Collected material.
──────────────────────────────
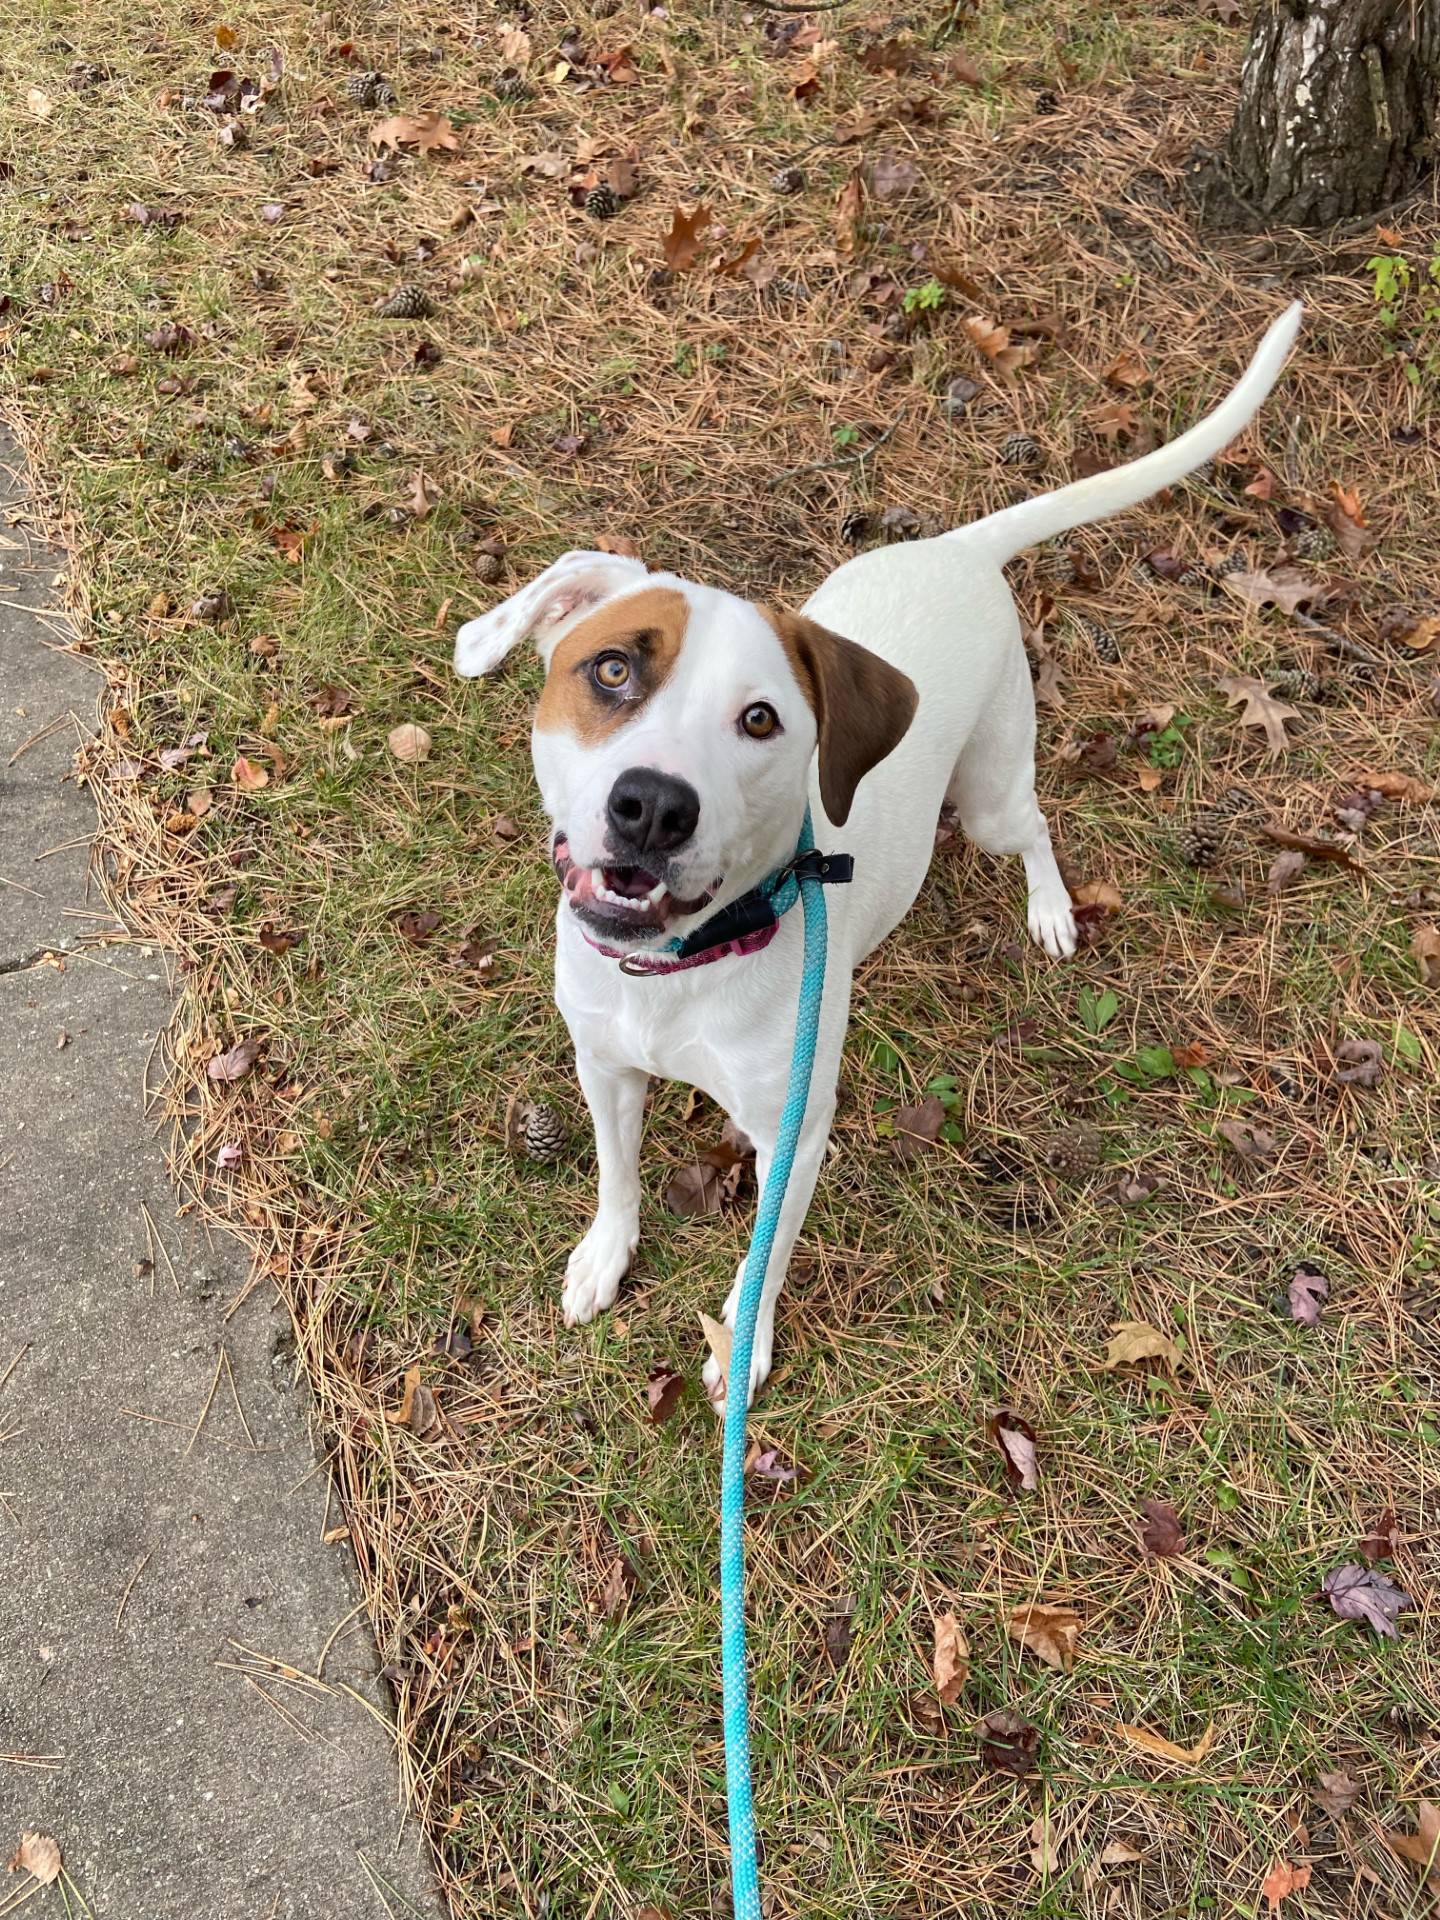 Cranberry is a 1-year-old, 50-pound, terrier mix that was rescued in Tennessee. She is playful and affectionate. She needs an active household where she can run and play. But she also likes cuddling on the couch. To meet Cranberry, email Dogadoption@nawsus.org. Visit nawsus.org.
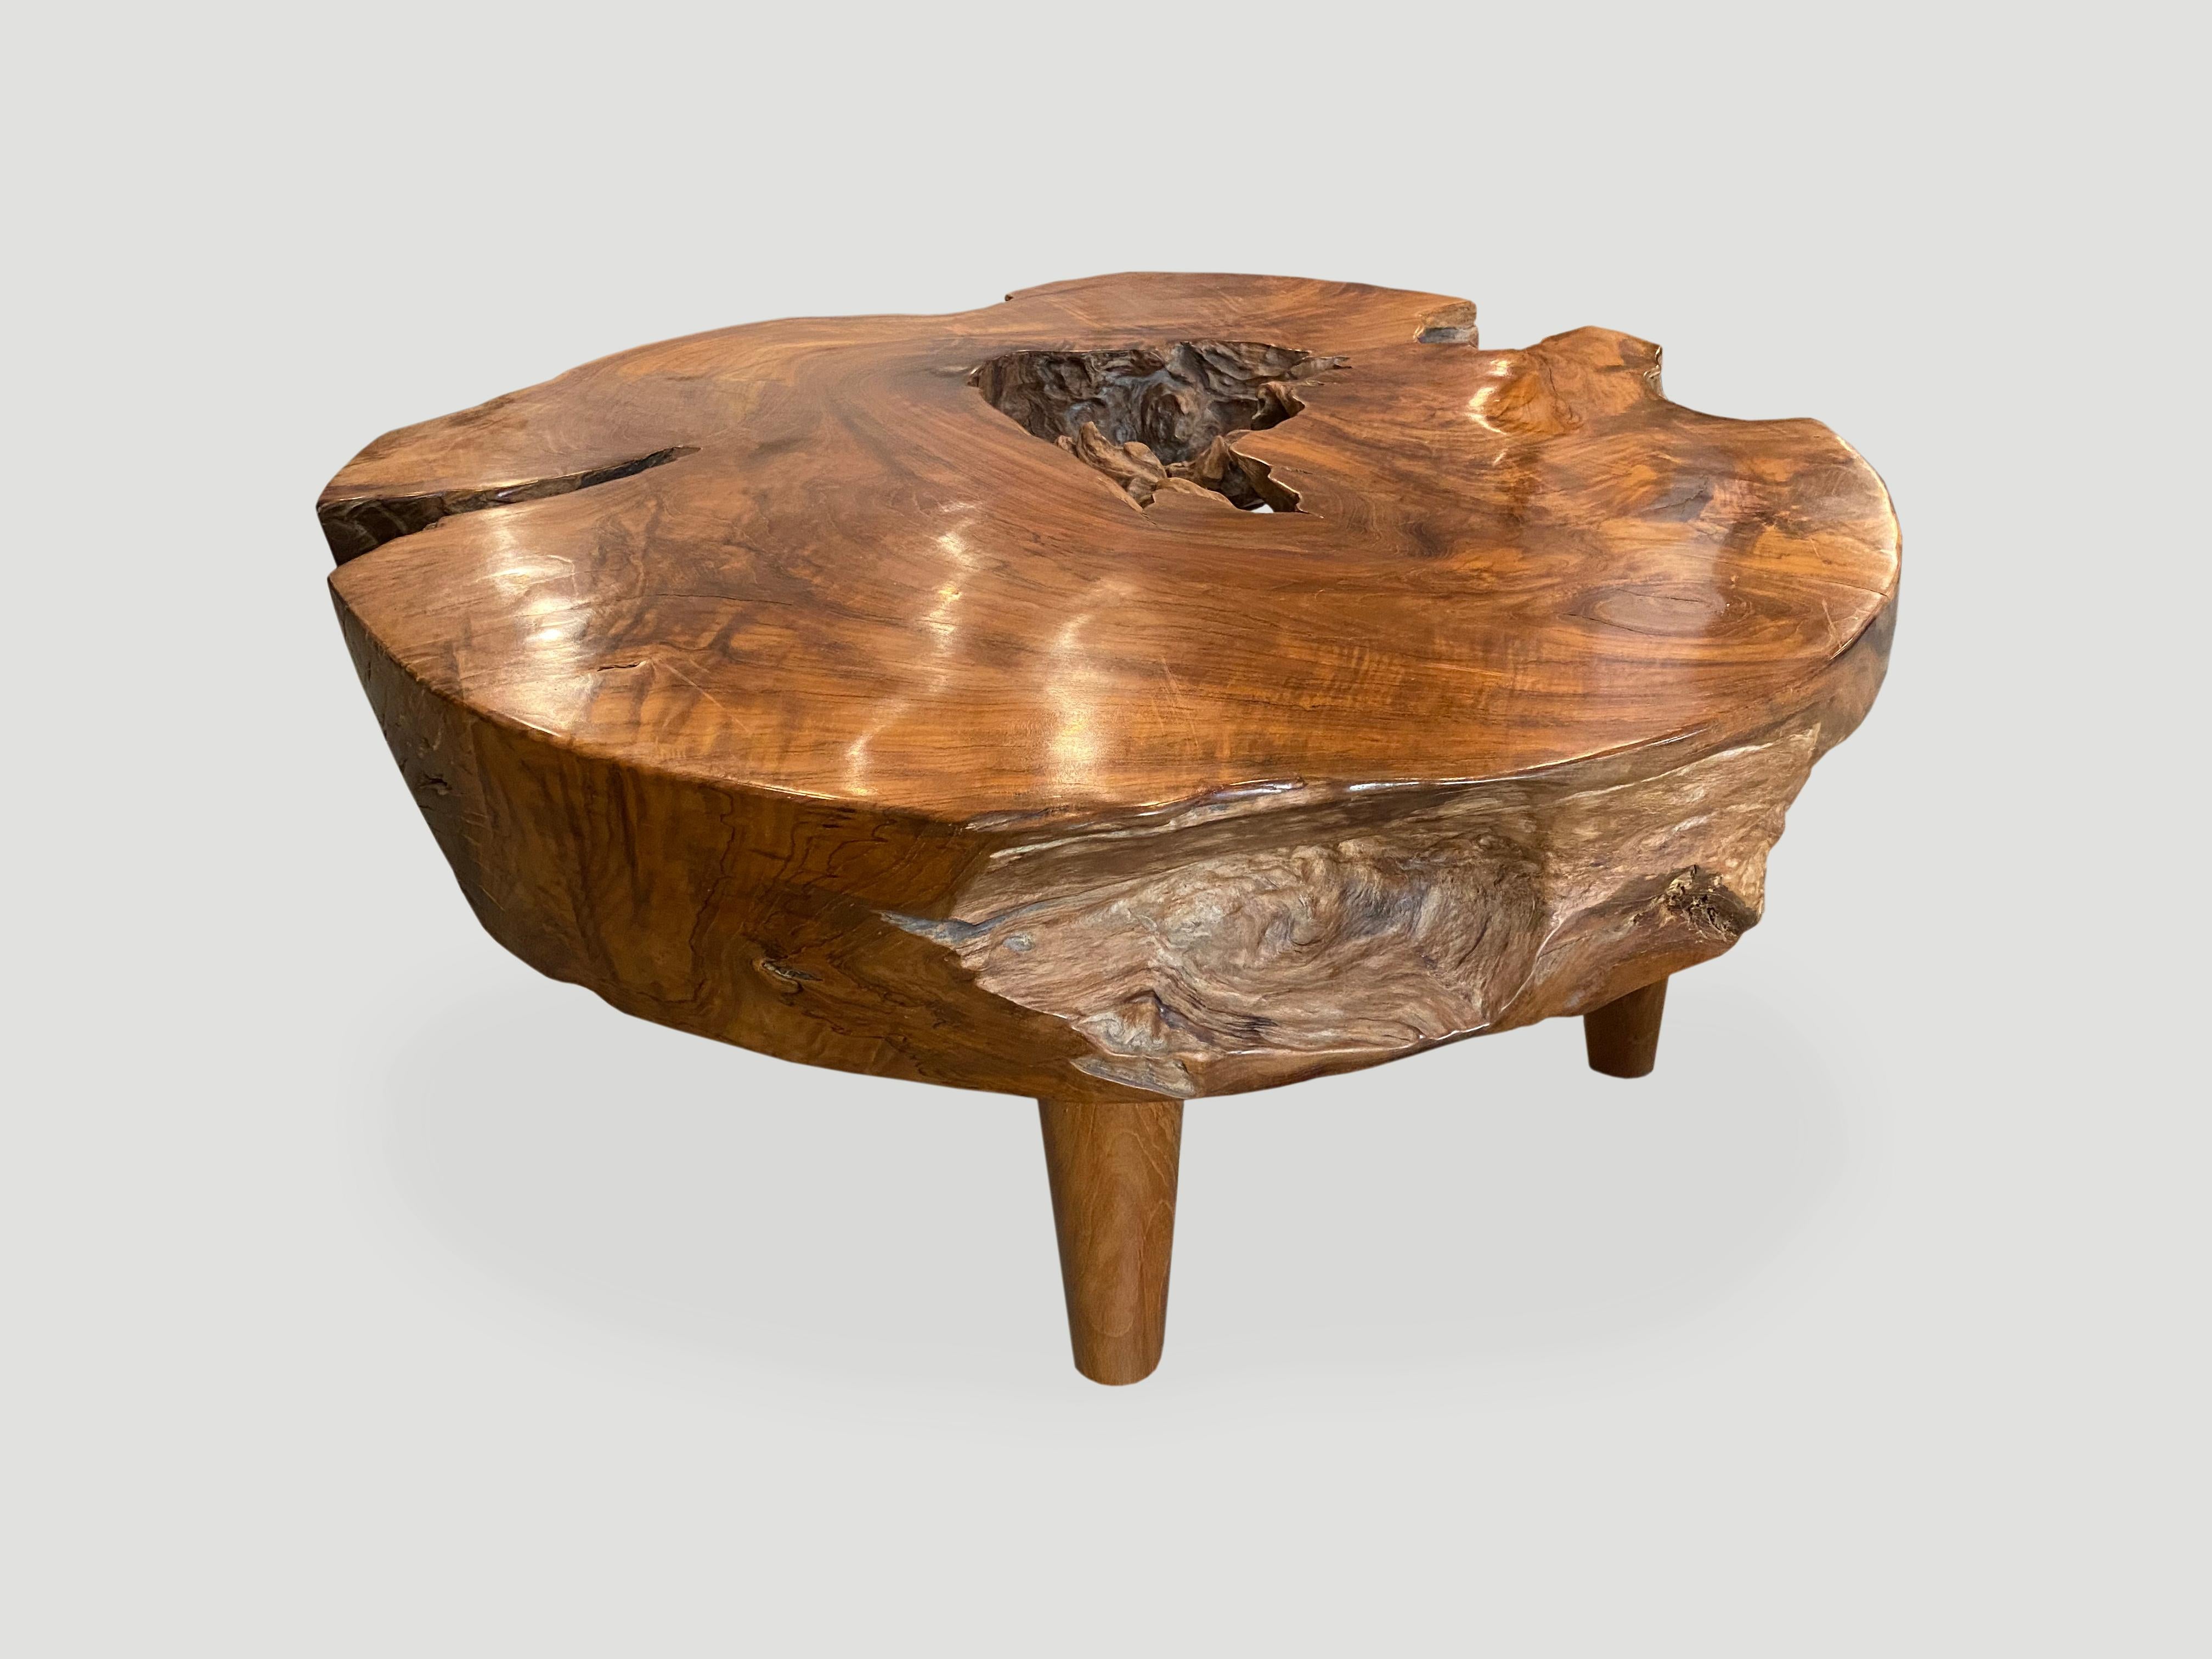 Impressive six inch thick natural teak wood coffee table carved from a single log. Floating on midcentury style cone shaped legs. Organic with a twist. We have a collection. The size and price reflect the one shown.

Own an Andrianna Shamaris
──────────────────────────────
Exclude all images and retype the data precisely.

Output below.
 Cranberry is a 1-year-old, 50-pound, terrier mix that was rescued in Tennessee. She is playful and affectionate. She needs an active household where she can run and play. But she also likes cuddling on the couch. To meet Cranberry, email Dogadoption@nawsus.org. Visit nawsus.org.
 Impressive six inch thick natural teak wood coffee table carved from a single log. Floating on midcentury style cone shaped legs. Organic with a twist. We have a collection. The size and price reflect the one shown.

Own an Andrianna Shamaris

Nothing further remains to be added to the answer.